A 50 year old female with a previous history of HBP (treated with two drugs) T2DM (treated with oral antidiabetics) and dyslipidemia. She suffered from morbid obesity and had a BMI of 52 Kg/m2. She had tried diet and exercise and lost only 5 kg.
Surgical treatment was proposed. During the preoperative evaluation she complained of heartburn and acid reflux. Further study revealed a hiatal hernia with a preserved mucosa.
The patient was placed in the supine position with opened legs. The leading surgeon stood between the patient´s legs with one assistant at each side.
A total of 5 trocars are recommended. The classic configuration is a 12mm port in the supra umbilical position for a 30º scope, two additional 12-mm ports at each flank to serve as the working channel for the leading surgeon, two 5mm ports located at the epigastrium for retraction of the liver, and a final more lateral port at the left flank to perform traction of the omentum and the stomach.
The first stage of the procedure is quite similar to the dissection required to prepare the stomach for a Nissen fundoplication. A small window was opened at the gastro-phrenic membrane and other at the gastro hepatic ligament
By means of blunt dissection a tunnel was created to communicate these two windows, then a penrose was passed through. It is used to perform traction of the gastroesophageal junction and expose the crura.
There was abundant fatty tissue, which made it difficult to achieve good exposure. The fat pad was resected to improve the visualization of the angle of His and also to prevent it from crossing the stapler line.
The surgeon should always check before sectioning the tissues.
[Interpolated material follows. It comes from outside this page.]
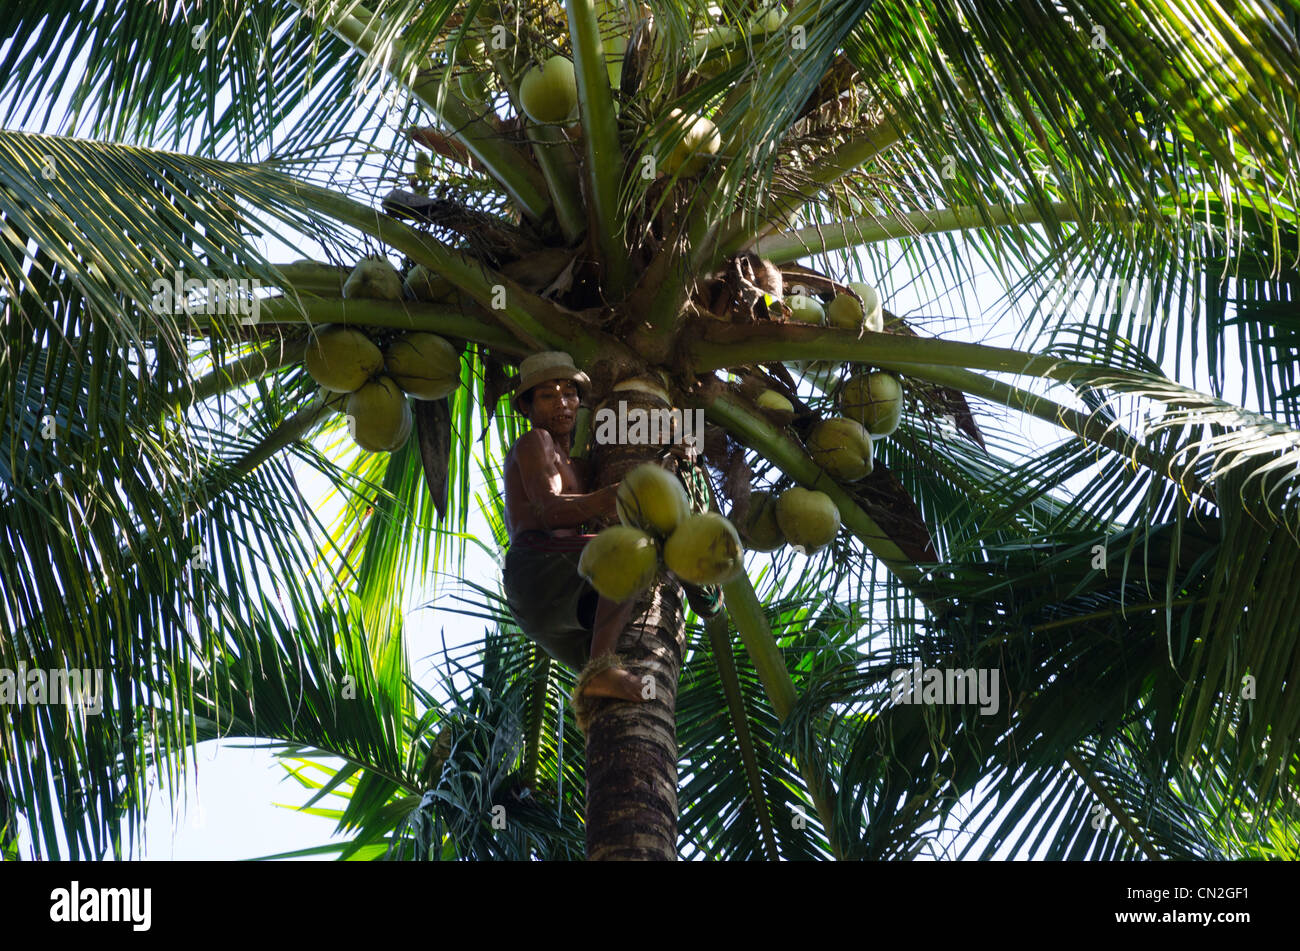 Man climbing a coconut tree to pick up cocnuts. Wah Gone village. Irrawaddy delta. Myanmar. Stock Photo
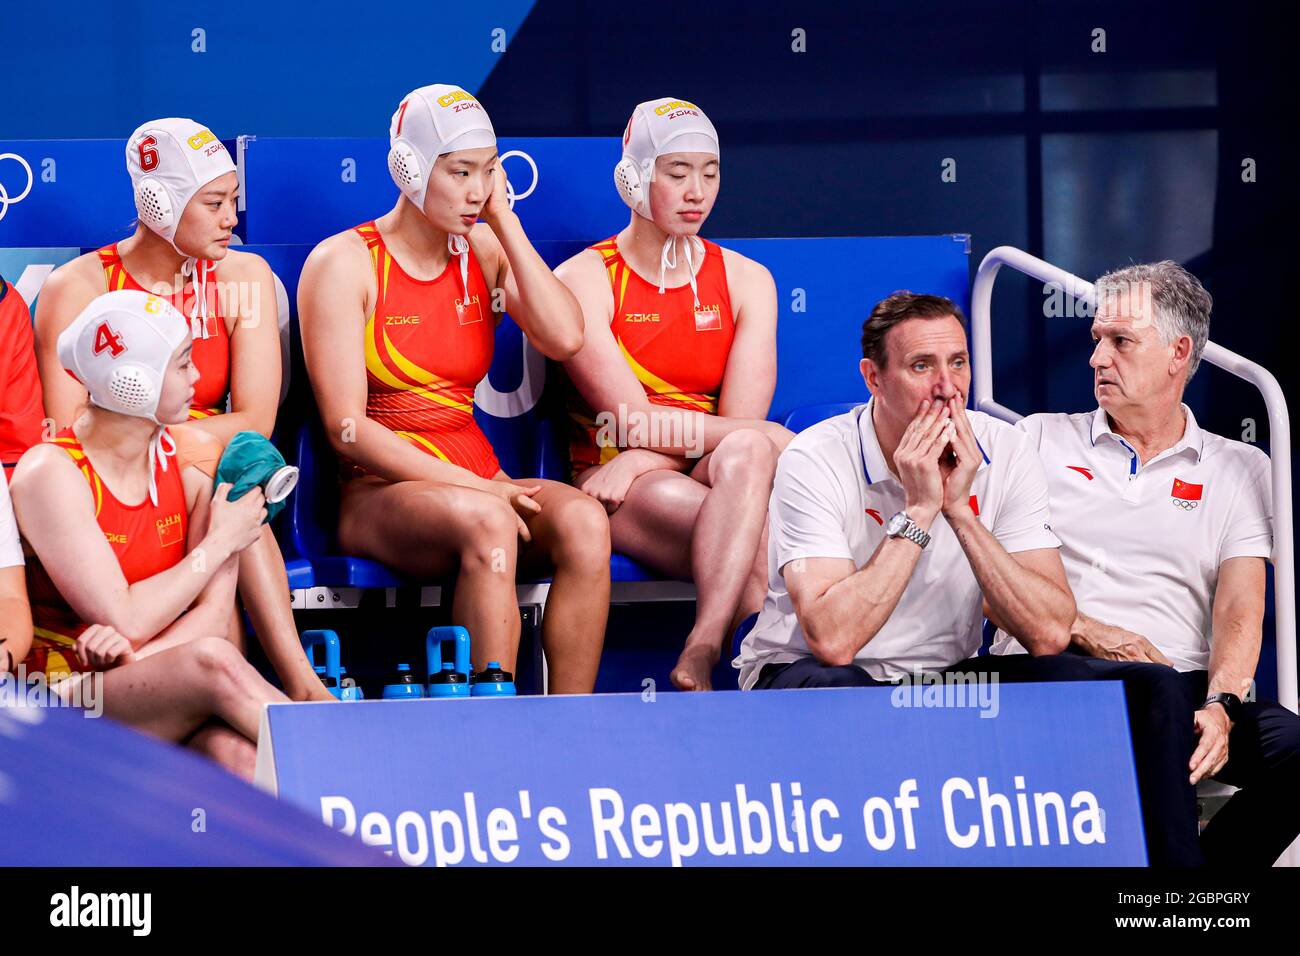 TOKYO, JAPAN - AUGUST 5: Dunhan Xiong of China, Ying Zhai of China, Yiwen Lu of China, Danyi Zhang of China, Salvador Gomez of China, Head Coach Petar Porobic of China during the Tokyo 2020 Olympic Waterpolo Tournament Women Classification 5th-8th match between Team China and Team Netherlands at Tatsumi Waterpolo Centre on August 5, 2021 in Tokyo, Japan (Photo by Marcel ter Bals/Orange Pictures) NOCNSF Stock Photo

Unexpected injuries to the esophagus are potentially fatal, especially in morbid obese patients. One trick is to perform traction of the fatty tissue and compress it with the Ligashure™. With this maneuver the avascular plane becomes clear improving the safety of the dissection.
Now the left crus can be clearly seen. Blunt dissection continues in order to individualize the right crus. Once again the fatty tissue was in the way and had to be resected. The hook is used for sharp dissection. The attachments of a large lipoma arising from the lesser sac had to be sectioned. The left gastric artery must be preserved.
Now the Penrose is seizing the lipoma, which was removed to continue with the surgery. The limit between the fatty tissue and the stomach becomes more clear and the anatomization of the hiatus continues.
The hook makes it possible to dissect layer-by-layer. It provides sharp and blunt dissection. The anterior wall of the esophagogastric junction was gradually released. The LigaSure™ may be used when the limits of the esophagus are clear. It saves surgery time.
The assistant surgeon performs traction of the gastric fundus. This is essential to improve and maintain the exposure. Placement of a foucher bougie helps to delimit the esophagus, giving more security to the surgeon to continue the laborious individualization of the anatomical structures.
Finally the hiatus was released from the fatty tissue. Cranial traction of the stomach makes it possible to evaluate the diaphragmatic crura. The surgeon checks hemostasis and tissue tension. Separate knots of 2-0 silk were used to close the hiatus. We recommend going in and out with the needle one each crus at a time.
The posterior approach is better to expose an adequate surgical field and avoid esophageal stenosis due to the knots. A total of 3 knots were made achieving the closure of the hiatal defect
The rest of the procedure was a standard sleeve gastrectomy.
Surgery took 115 minutes and was uneventful. Oral intake started 24 hours after the procedure and the patient left the hospital on the second postoperative day.
The last follow-up took place 30 months after the surgical treatment, The patient had lost 51 Kg achieving a BMI of 30 Kg/m2 and the resolution of her comorbidities.
So far there has been no relapse of the hiatal hernia.